As Aidoptation progresses in its commercialization journey, the non-profit entity (IAC) will continue its charter of doing cutting edge research in the high speed autonomy arena, and provide test and evaluation services for its existing contract with DARPA on the TIAMAT (Transfer from Imprecise and Abstract Models to Autonomous Technologies) program.

Paul Mitchell who has shepherded the non-profit IAC entity will also serve as the CEO of the for-profit entity. “Autonomous high-speed physical AI has the potential to revolutionize mobility. With countless world records and multiple patents, IAC has led this field. We are launching Aidoptation as a commercial spin-out to build on these achievements and deliver real commercial solutions for managing high-speed edge cases that will unlock the full potential of autonomous mobility to speed up commerce and save lives.” The financial investors in this new entity include Belgium’s Sovereign Wealth Fund and Ethias, a leading insurance provider. The rational for locating in Belgium are to support Europe university teams as well as incubate talent and resources for progressing physical AI in Europe.

Going forward, apart from commercializing current and future IAC intellectual property, Aidoptation will also market, organize and monetize future racing events and take over the operational aspects of building, upgrading and maintaining robotic racecars for its university partners. The company is expected to start operations in early 2025.

Upcoming Events

Two upcoming events organized by IAC-AIdoptation are on the horizon:

1) On the heels of a record breaking speed event in 2022 at the historic Kennedy Space Center in Florida, the IAC will attempt to break the speed record set by PoliMOVE of 192 mph, the fastest achieved by a robotic race car to date. It will again occur at the Kennedy Space Center in concert with the 1000 Miglia Experience USA Florida 2025 event, between February 22-24, 2025.

2) The next IAC racing event will occur at the Monza F1 Circuit during the Milan Monza Motor Show (at the Autodromo Nazionale Monza racetrack) on June 27-29, 2025.

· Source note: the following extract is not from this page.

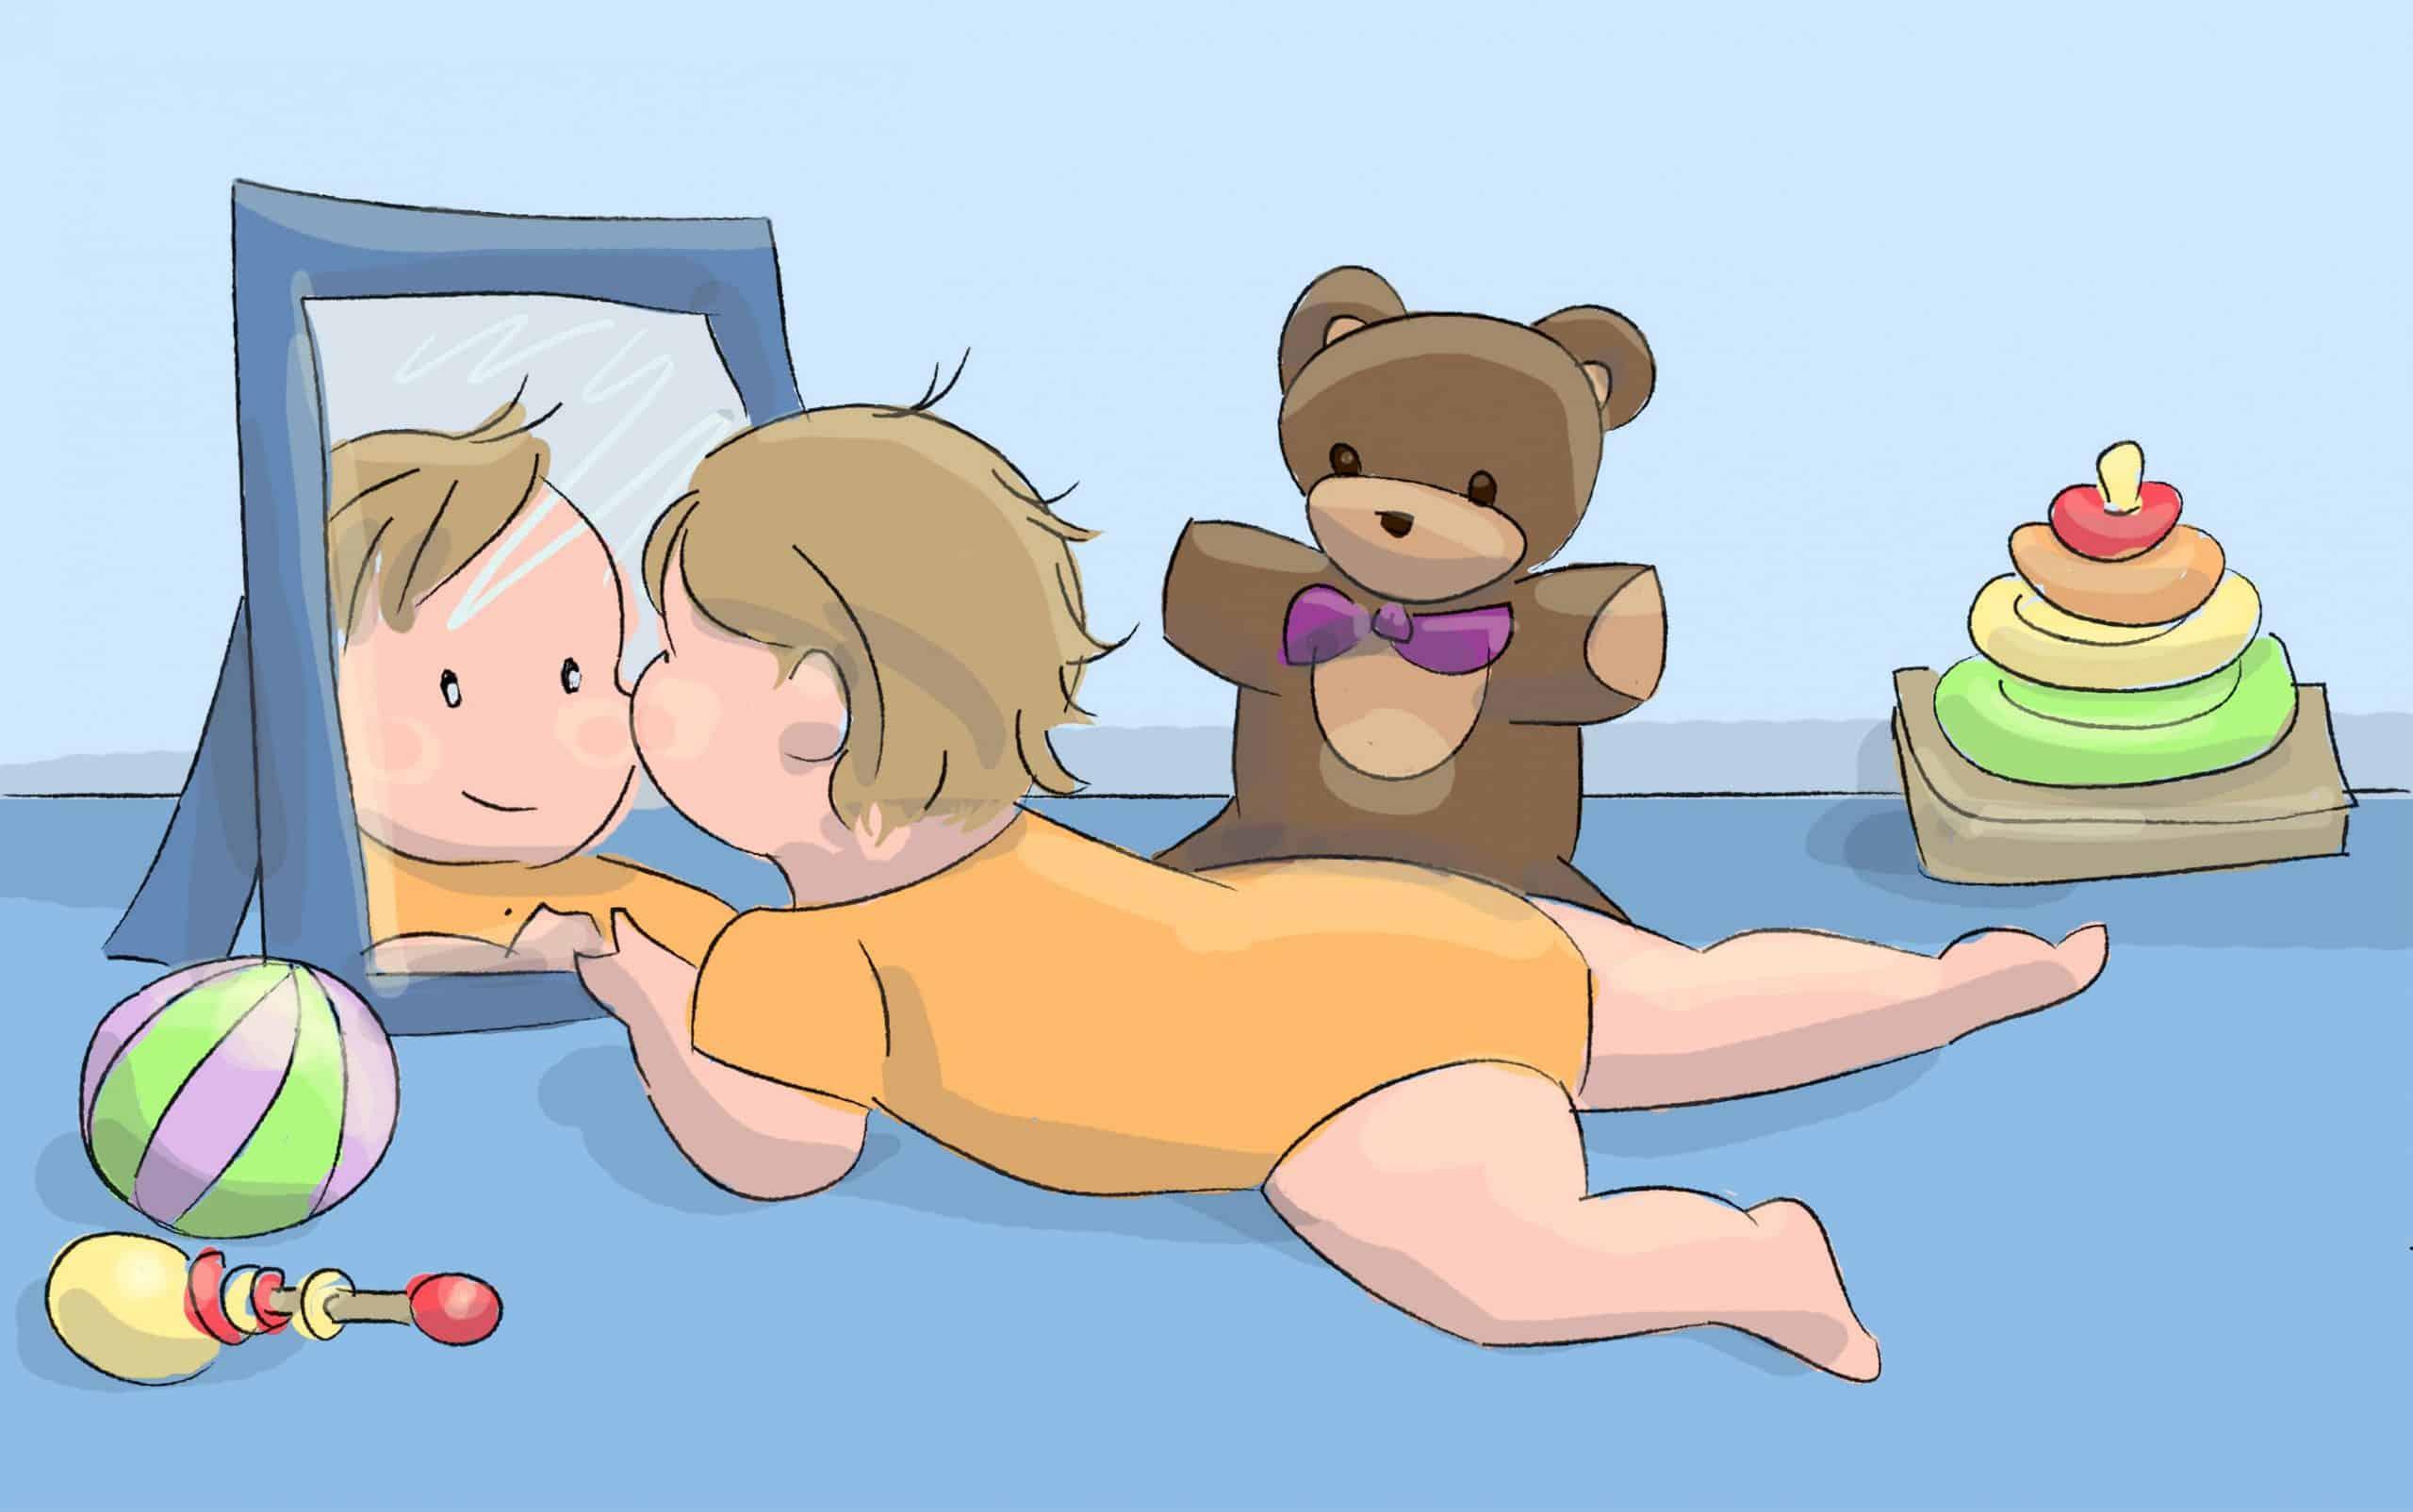 הניחו חפצים וצעצועים בטוחים בקרבת התינוק
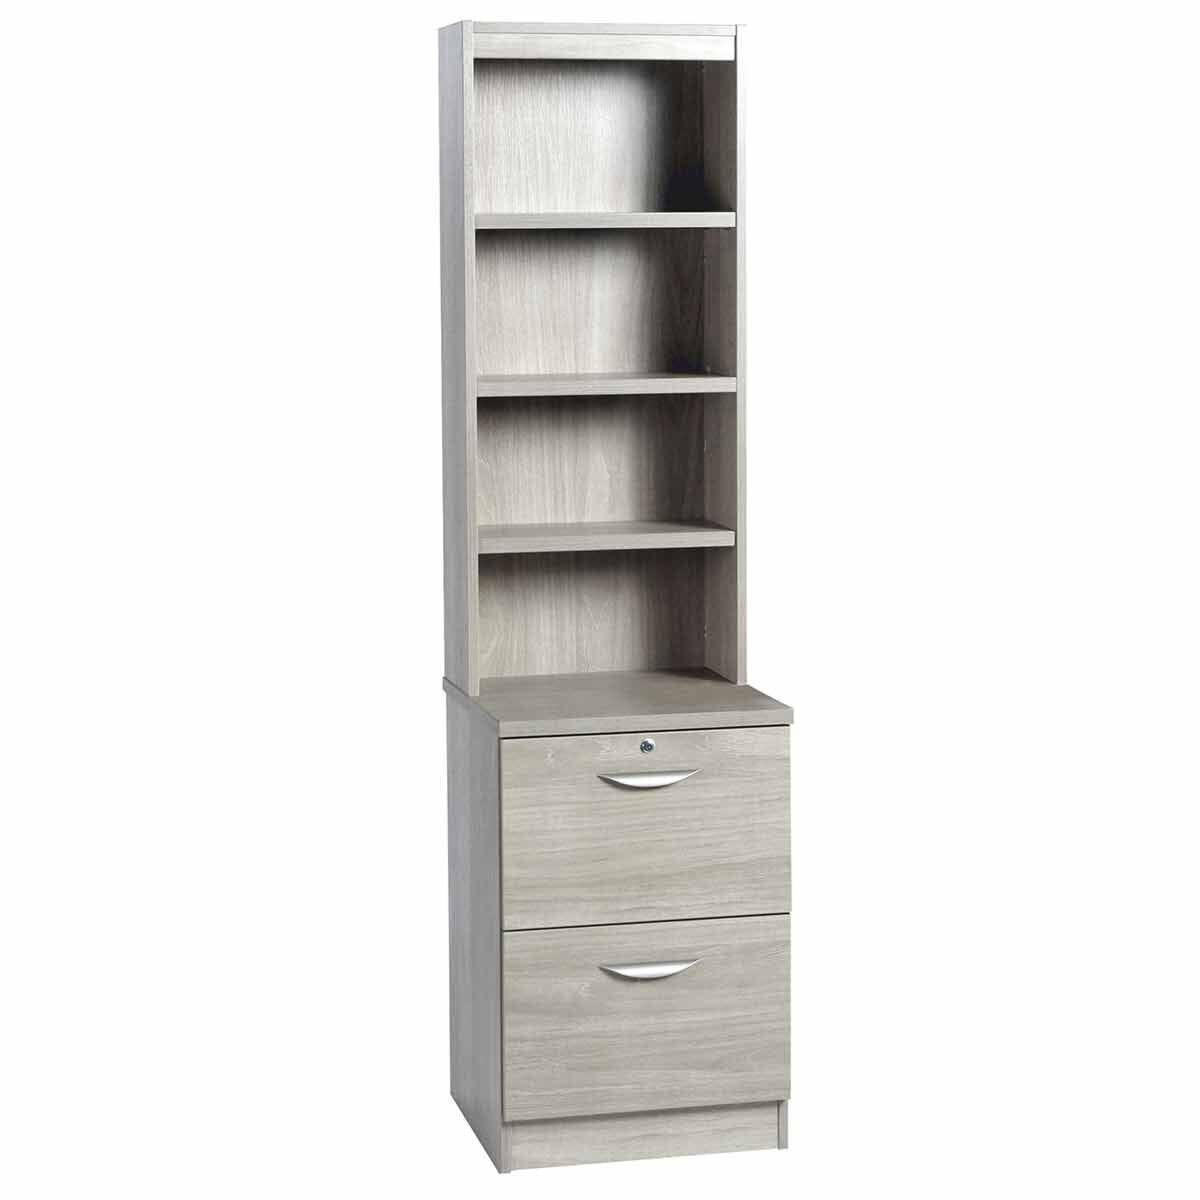 R White 2 Drawer Filing Cabinet With Overshelving Grey Nebraska

Autonomous racecar competitions have the potential to create best-in-class AI drivers, sensors and compute stacks that can be used to complement commercial ADAS and autonomy efforts in high-speed, on-road environments. Leveraging the learnings of 25,000 miles of high speed autonomy and the intellectual horsepower of 100s of Ph.D. level researchers over the past 5 years can create valuable opportunities for commercial ADAS and autonomous vehicle companies to understand edge cases and adapt these learnings to maximize safety and efficiency at ever increasing roadway speeds for autonomous cars.